I have a data set about all the counties in Minnesota, and one of the columns is its shape. For each county it looks something like this:
For Aitkin County:
<Polygon><outerBoundaryIs><LinearRing><coordinates>-93.051956,46.15767700000001,0 -93.434006,46.15313,0 -93.43261,46.240253,0 -93.80480900000001,46.23817100000001,0 -93.80933400000001,46.580681,0 -93.77426199999999,46.59050400000001,0 -93.77412400000001,46.802605,0 -93.77500100000002,47.030445,0 -93.058258,47.022362,0 -93.05964600000001,46.766071,0 -93.05208600000002,46.417576,0 -93.051956,46.15767700000001,0</coordinates></LinearRing></outerBoundaryIs></Polygon>
I'm fairly new to R and know nothing about Google API, HTML, etc. I'm trying to use the ggplot2 and maps packages to create an intensity map for various aspects of all the counties in Minnesota. Is there a way to use these coordinates as they are to make a layer of counties, or do I need to do something else?

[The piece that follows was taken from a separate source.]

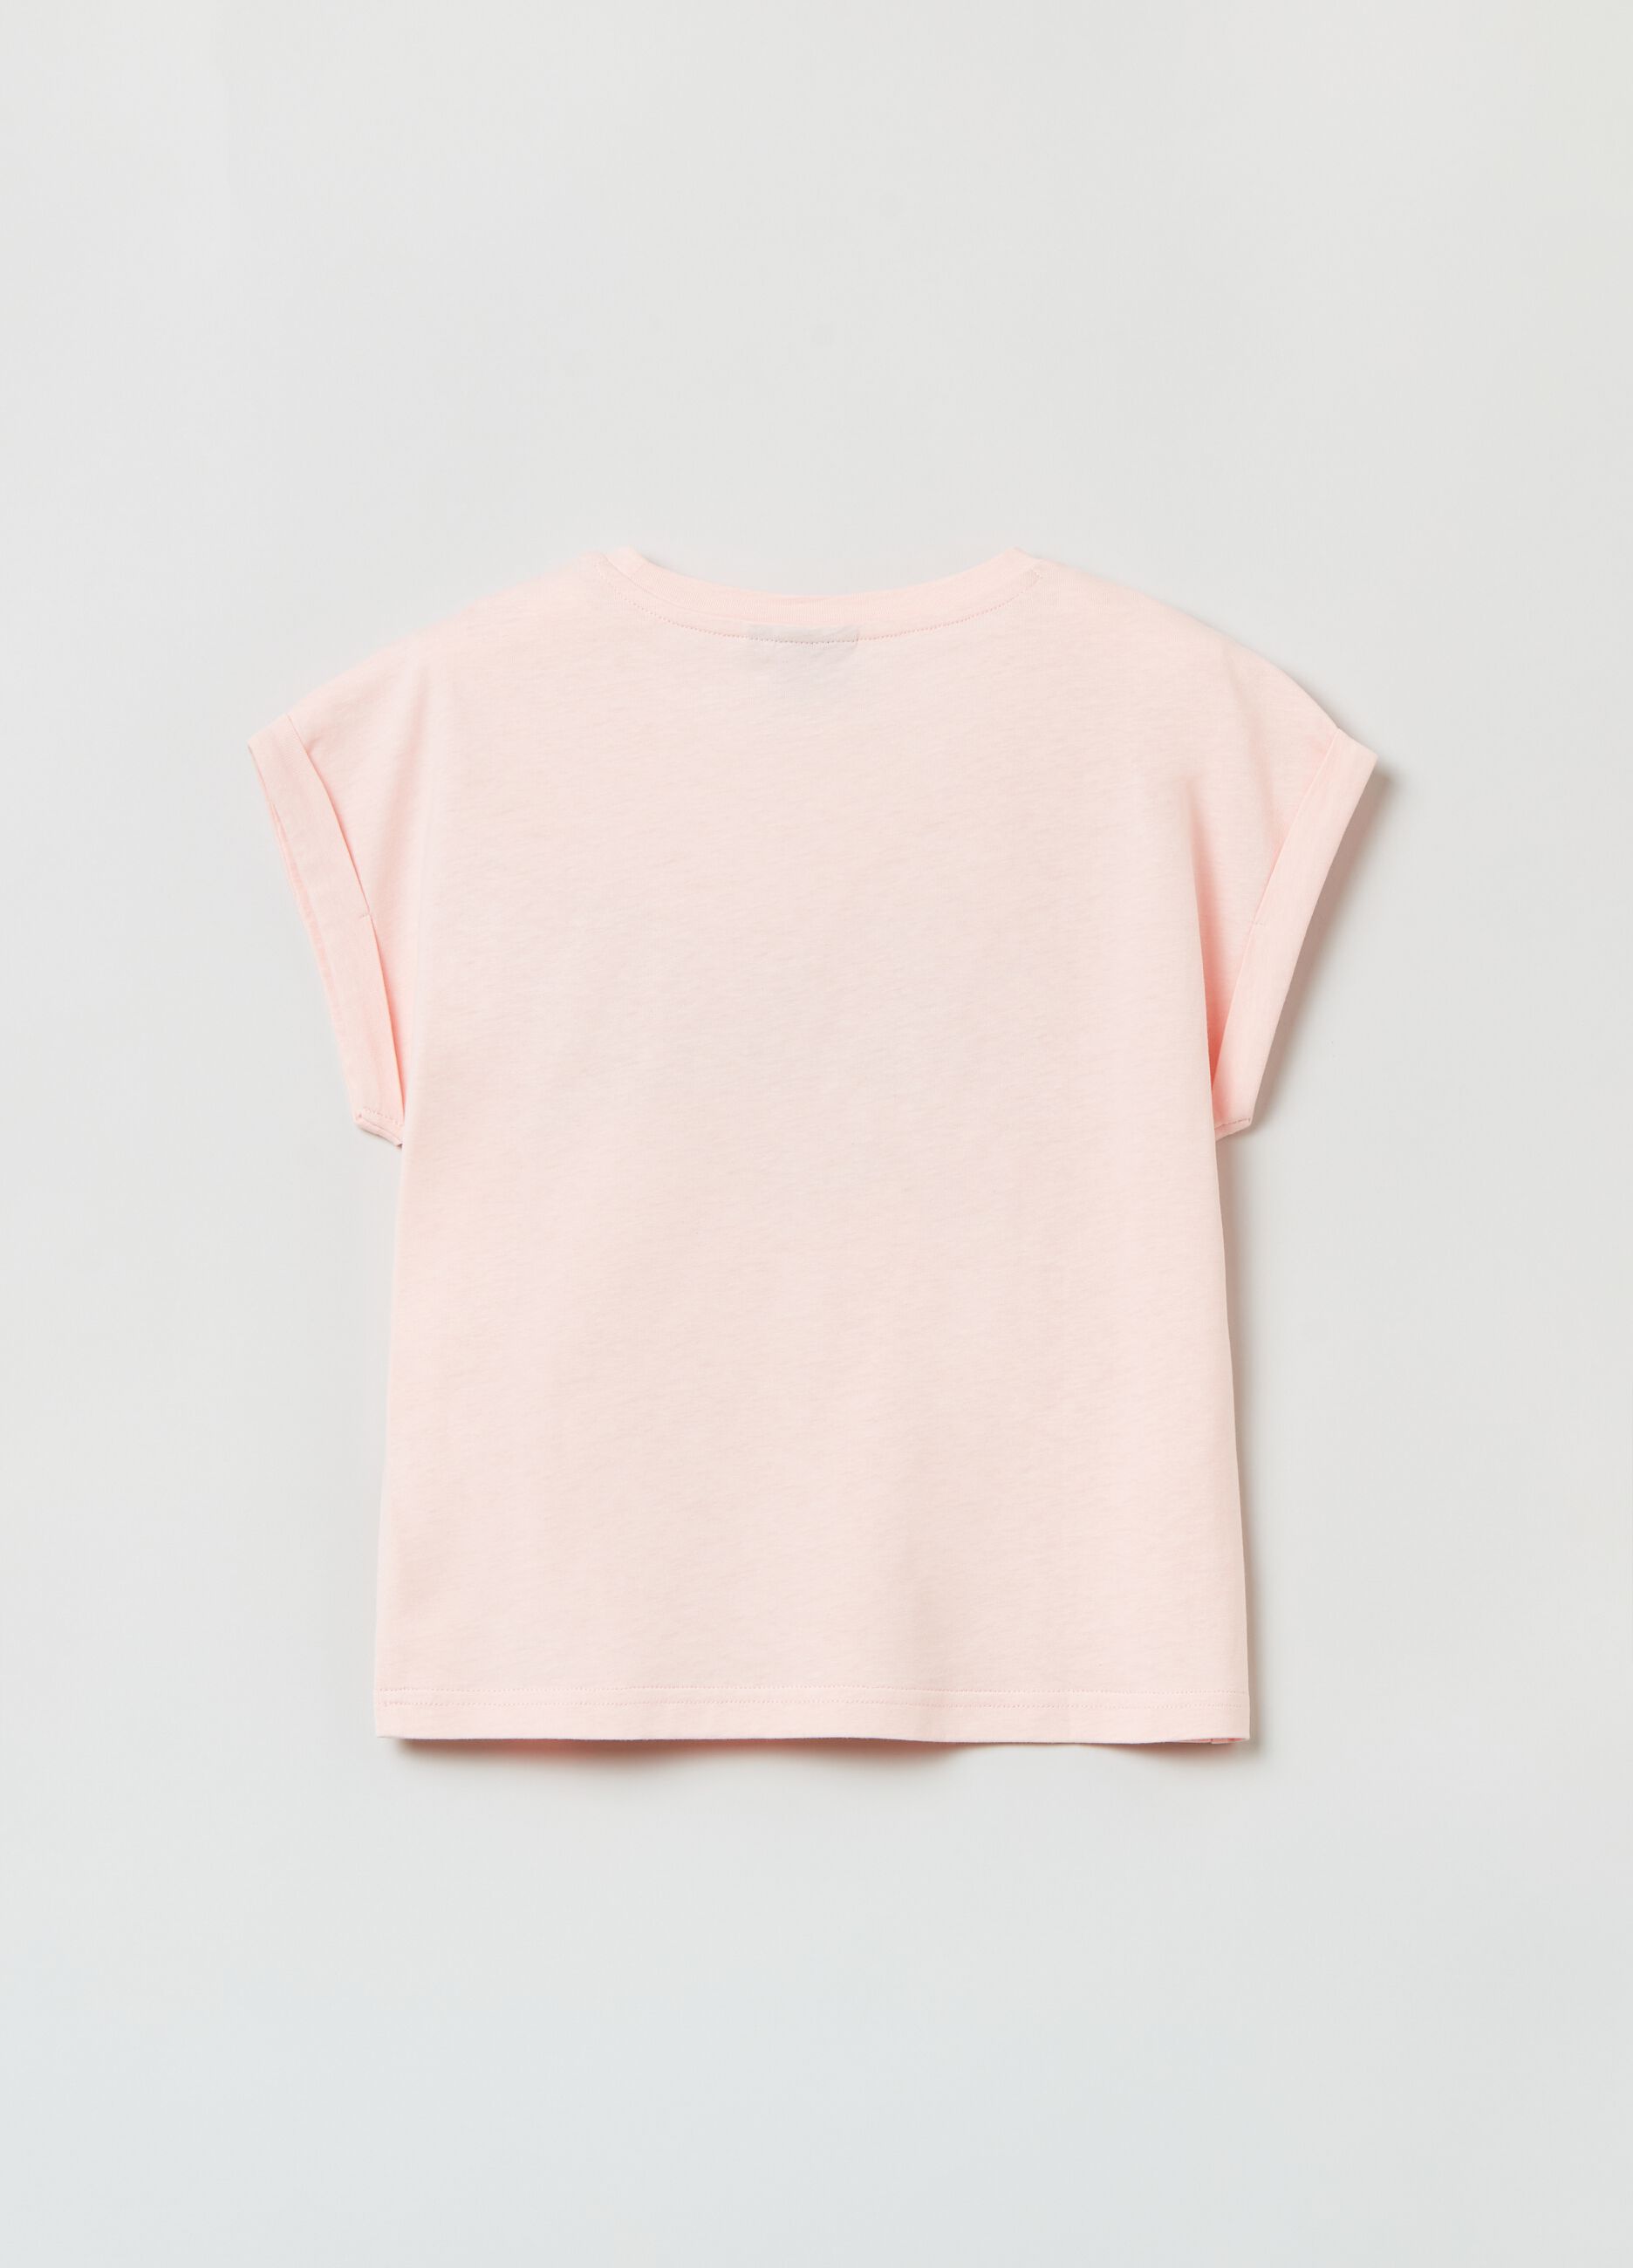 Everlast sleeveless cotton T-shirt

Here's the code I have so far:
Map of MN:
library(maps)
library(ggplot2)
all_states <- map_data("state")
mn<-subset(all_states, region %in% c("minnesota"))
p<-ggplot()
p<-p+geom_polygon(data=mn, aes(x=long, y=lat, group=group), colour="black", fill="white")
p
And my plan is to modify the following to apply to each county, once I get those polygons:
dataset <- data.frame(region=states,val=runif(49, 0,1))
us_state_map <- map_data('state')
map_data <- merge(us_state_map, dataset, by='region', all=T)
map_data <- map_data[order(map_data$order), ]
(qplot(long, lat, data=map_data, geom="polygon", group=group, fill=val)
+ theme_bw() + labs(x="", y="", fill="")
+ scale_fill_gradient(low='#EEEEEE', high='darkgreen')
+ opts(title="Title",
legend.position="bottom", legend.direction="horizontal"))
Any suggestions would be greatly appreciated!